Bad Trope: Cruelty Is Magic

This is an awful, and common, trope – the idea that cruelty is the way to build the perfect soldier, or to reveal super-powers, or to get to the ultimate truth about a situation. The idea put forward is that cruelty is incredibly effective, like a tool or a weapon just waiting to be deployed, instead of something more realistic, where cruelty is usually the easy way out of a complex situation. I’ll mention a few examples that leapt to mind as I thought about this awful trope, and at the end I have a long list of more, for any of you who are thinking that this trope isn’t that common.

The Borne Identity

One of the things that I like about the Borne movies, especially the first one, is that they make a few attempts to actually deal with how traumatized Jason Borne and the other secret government assassins are. One of my favorite moments is when he is facing off against another assassin in a field, and asks something like “Do you still get the headaches?” At which point the other assassin says he does, with a suddenly pained expression. Its this cool moment of honesty in the midst of a fight.
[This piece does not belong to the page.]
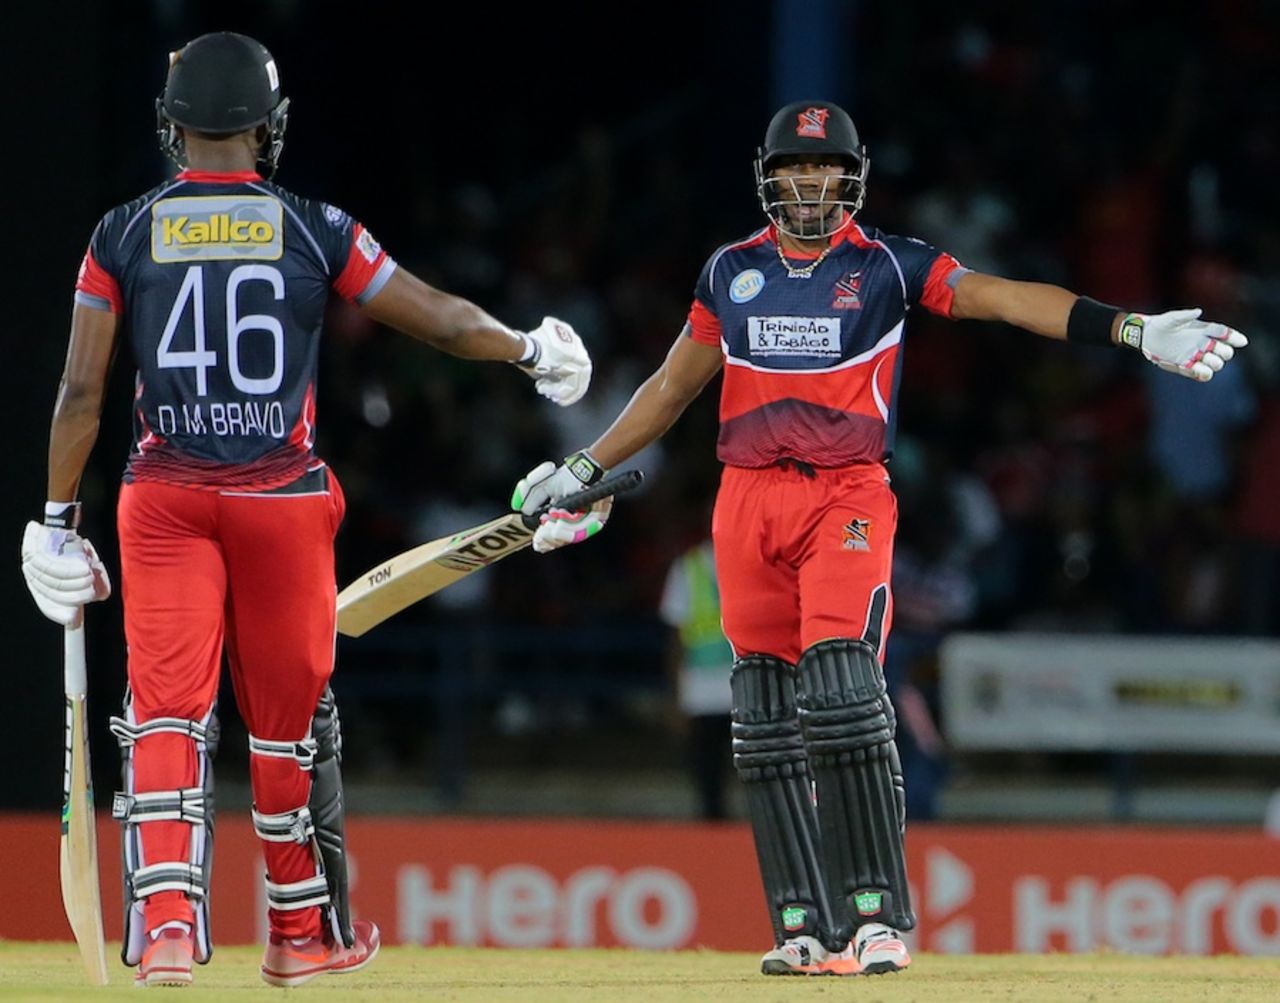 Darren and Dwayne Bravo added 59 runs in 2.4 overs, Trinidad & Tobago Red Steel v Barbados Tridents, CPL 2015, Port-of-Spain, July 16, 2015

But the whole premise of the Borne Identity is that the best way to train a super-predator is by traumatizing them. This cruelty gives them preternatural abilities.

Jack from Mass Effect 2

When you do Jack’s loyalty mission in Mass Effect 2, you get deep into this experimental Cerberus facility where, basically, children were tortured in order to develop their telekinetic (biotic) abilities. Basically, space-Nazis tortured children in order to create the perfect weapon, Jack. I like how they characterize her, actually – I feel like in a lot of ways she’s a plausible person who would have come from that kind of background. If anything, maybe higher functioning than one would expect. But again, we have the idea that cruelty is, literally in this case, magic.

24 and Torture

I didn’t watch a lot of episodes of 24, but it was obviously a “ticking time bomb” kind of show, and there is an overwhelming mythology in America around the efficacy of torture in a situation like this. Torture is seen as a highly effective way of getting to the truth in a situation, especially when you don’t have the time to do the right thing because so much is at stake or whatever. 24 was out, of course, around the time of Abu Ghraib as well, and revelations about CIA ‘black sites’ used to torture information out of suspected terrorists (in some cases literally children, or random people kidnapped by mercenaries).

The Unsullied

The Unsullied are the ultimate military force of the World of Ice and Fire, and key to their training is horrific trauma inflicted on children. They have to attach to a puppy, and then kill the puppy. They have to go purchase a slave baby, and then murder the slave baby in front of the mother. Only 1 in 4 even survive the training. They are all castrated so that they will never have any desire other than to obey and to kill.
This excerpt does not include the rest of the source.